Mirtazapine increases glial cell line-derived neurotrophic factor production through lysophosphatidic acid 1 receptor-mediated extracellular signal-regulated kinase signaling in astrocytes

Abstract

Different classes of antidepressants, such as tricyclic antidepressants, selective serotonin reuptake inhibitor (SSRI), and serotonin and norepinephrine reuptake inhibitor (SNRI), have been shown to increase GDNF production in astrocytes, which could be a key mechanism of the psychotropic effect of antidepressants. The antidepressant mirtazapine is a noradrenaline and specific serotonergic antidepressant (NaSSA) and does not block reuptake of catecholamines and serotonin. The present study examined the effect of mirtazapine on GDNF expression in rat C6 astroglial cells (C6 cells) and rat primary cultured cortical astrocytes (primary astrocytes). Mirtazapine treatment significantly increased GDNF mRNA expression and GDNF release in both C6 cells and primary astrocytes. In primary astrocytes, mirtazapine also increased the expressions of brain-derived neurotrophic factor mRNA. To mimic mirtazapine's putative mechanism of action, cells were treated with either a α2-adrenoceptor antagonist (yohimbine), 5-HT2 receptor antagonist (ketanserin), 5-HT3 receptor antagonist (ondansetron), or a mixture of these--no effect on GDNF mRNA expression was observed. Mirtazapine treatment increased phosphorylation of extracellular signal-regulated kinase (ERK) 1/2, and the mirtazapine-induced GDNF and BDNF expression were blocked by MAPK/ERK kinase (MEK) inhibitor (U0126).
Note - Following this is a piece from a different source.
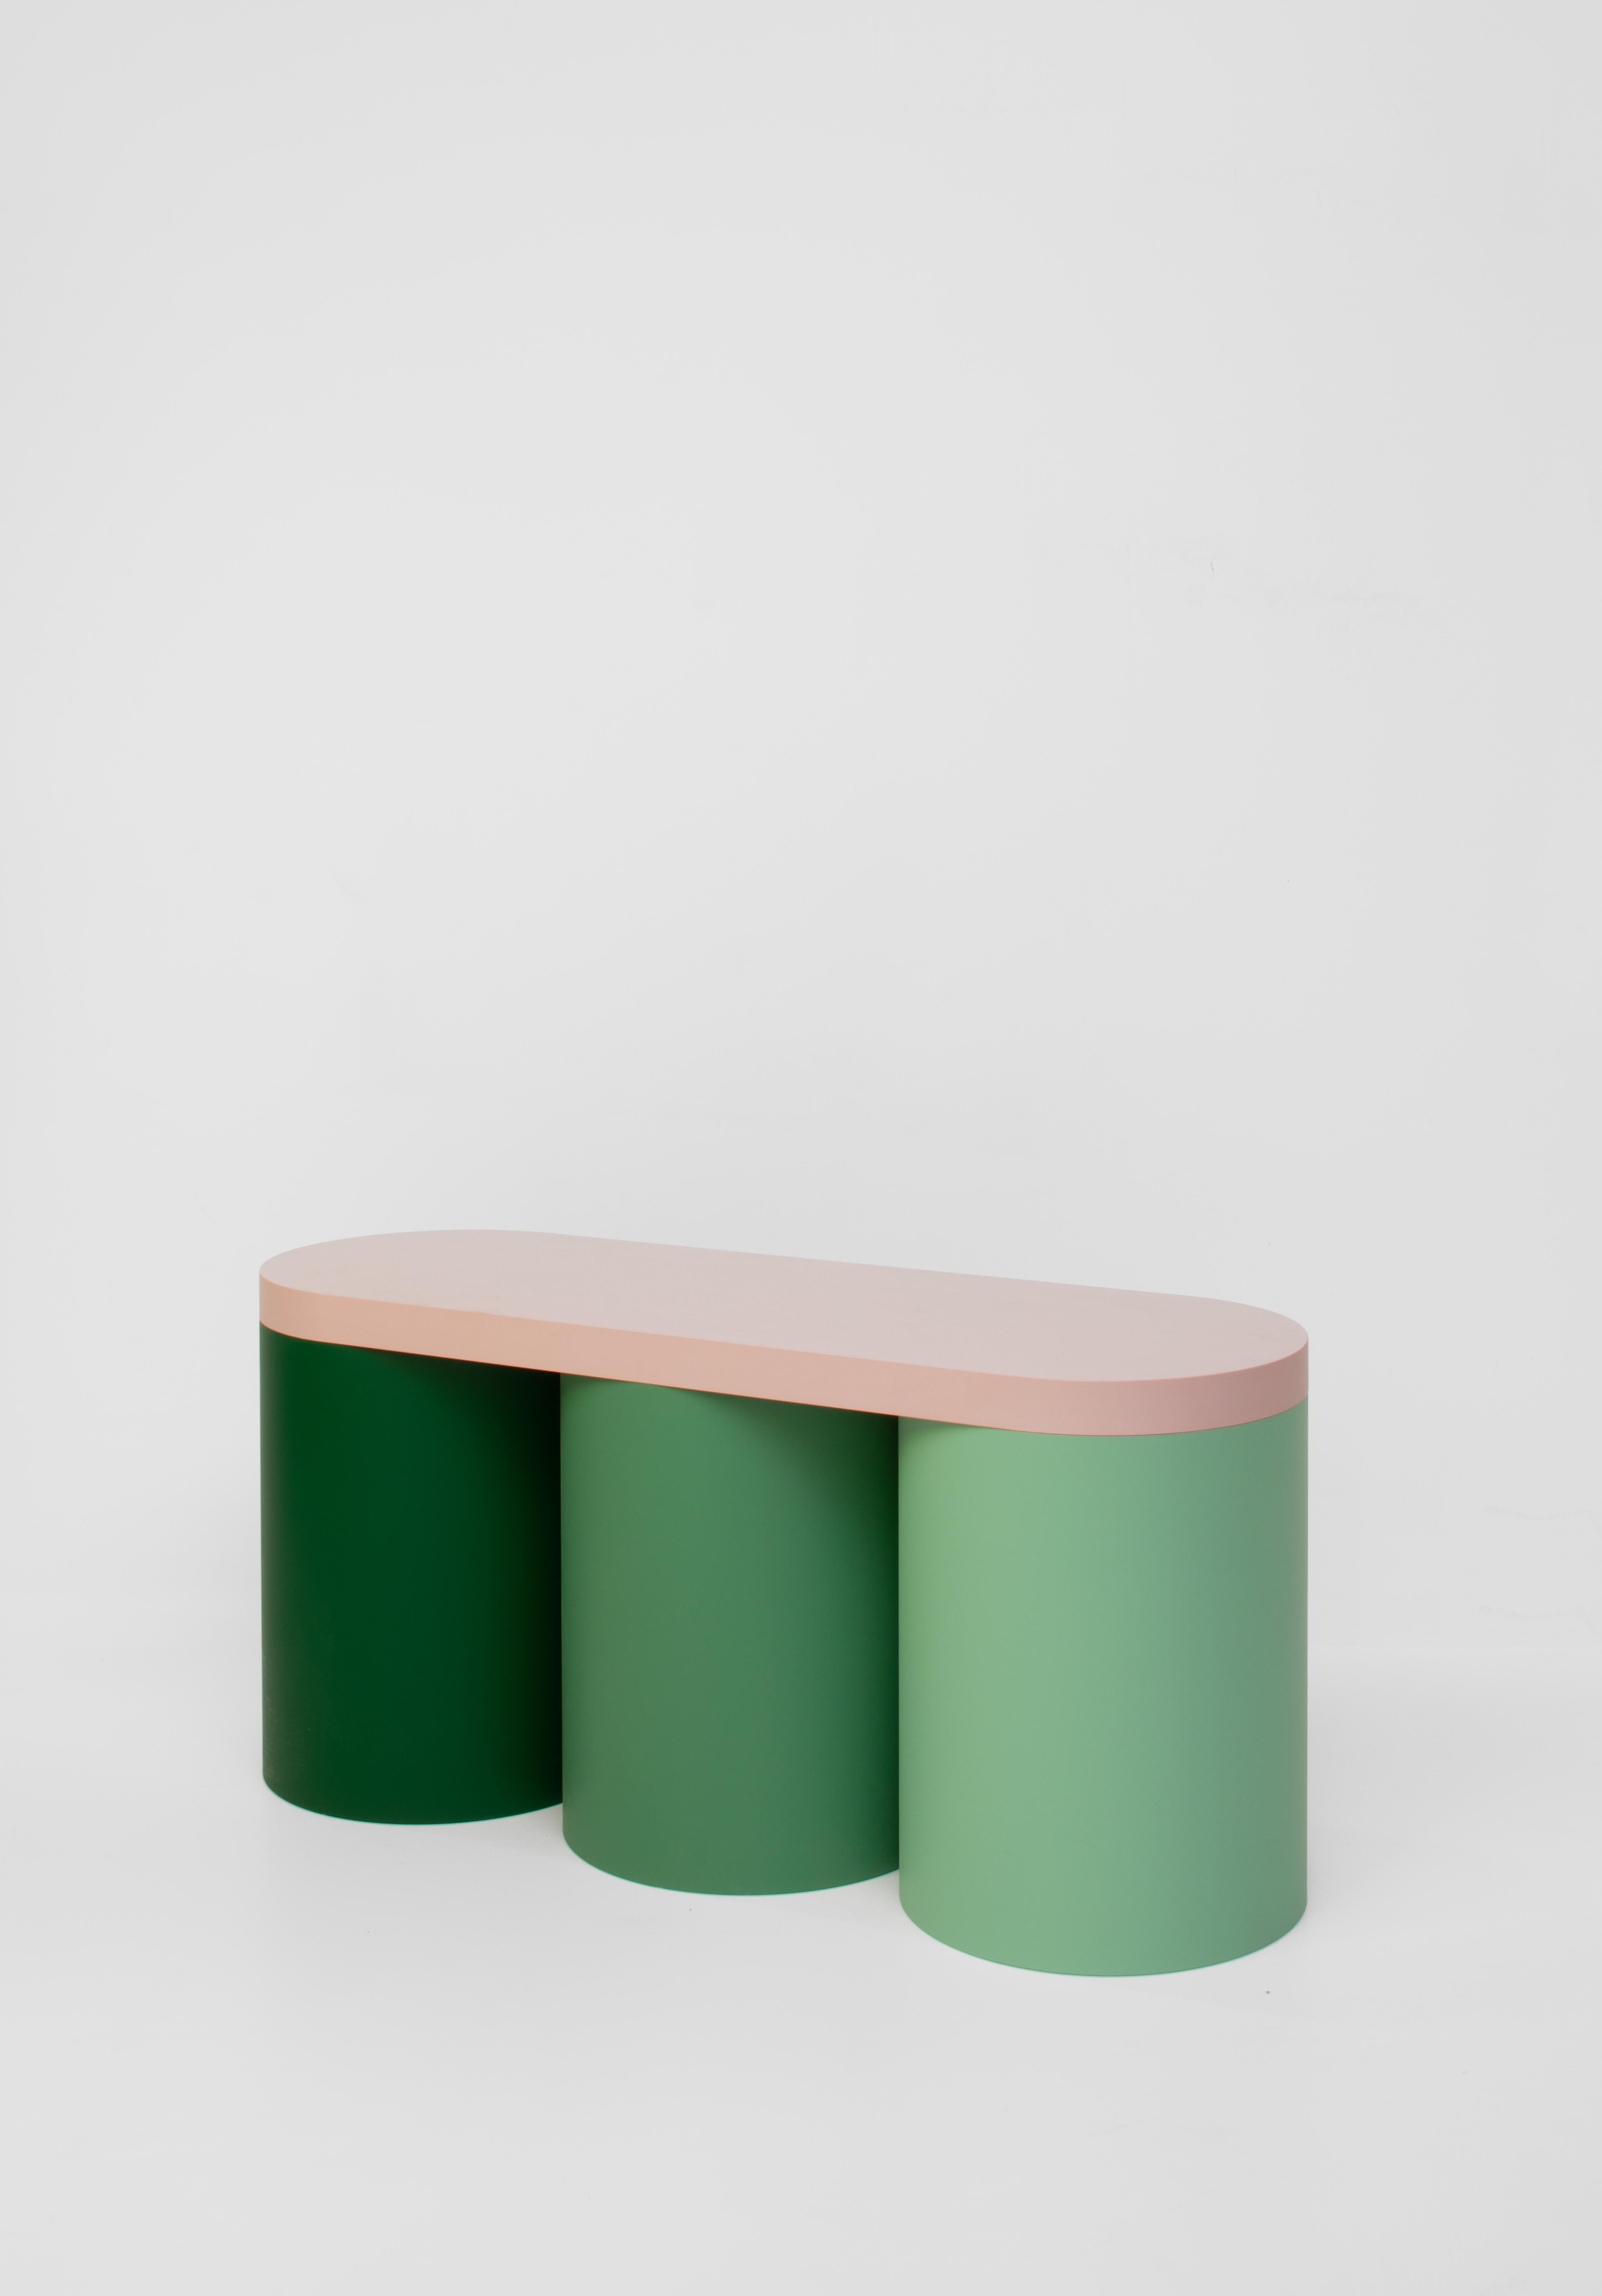 Colourful stool with a contemporary design.
Manufactured in an artisanal way, in which every step of the process is carefully executed. The base of this stool consists of varying numbers of hollow cylinders. It's topped with a slab surface for

Furthermore, the effect of mirtazapine on ERK phosphorylation and expressions of GDNF and BDNF was antagonized by Gi/o inhibitor (pertussis toxin), lysophosphatidic acid-1 (LPA1) receptor antagonist (AM966), and LPA1/LPA3 receptors antagonist (Ki16425). The current findings demonstrate that the NaSSA mirtazapine, similar to other classes of antidepressants, increases GDNF expression through a Gi/o coupled LPA1 receptor-mediated ERK pathway. The current findings suggest a general mechanism underlying the psychotropic effect antidepressants.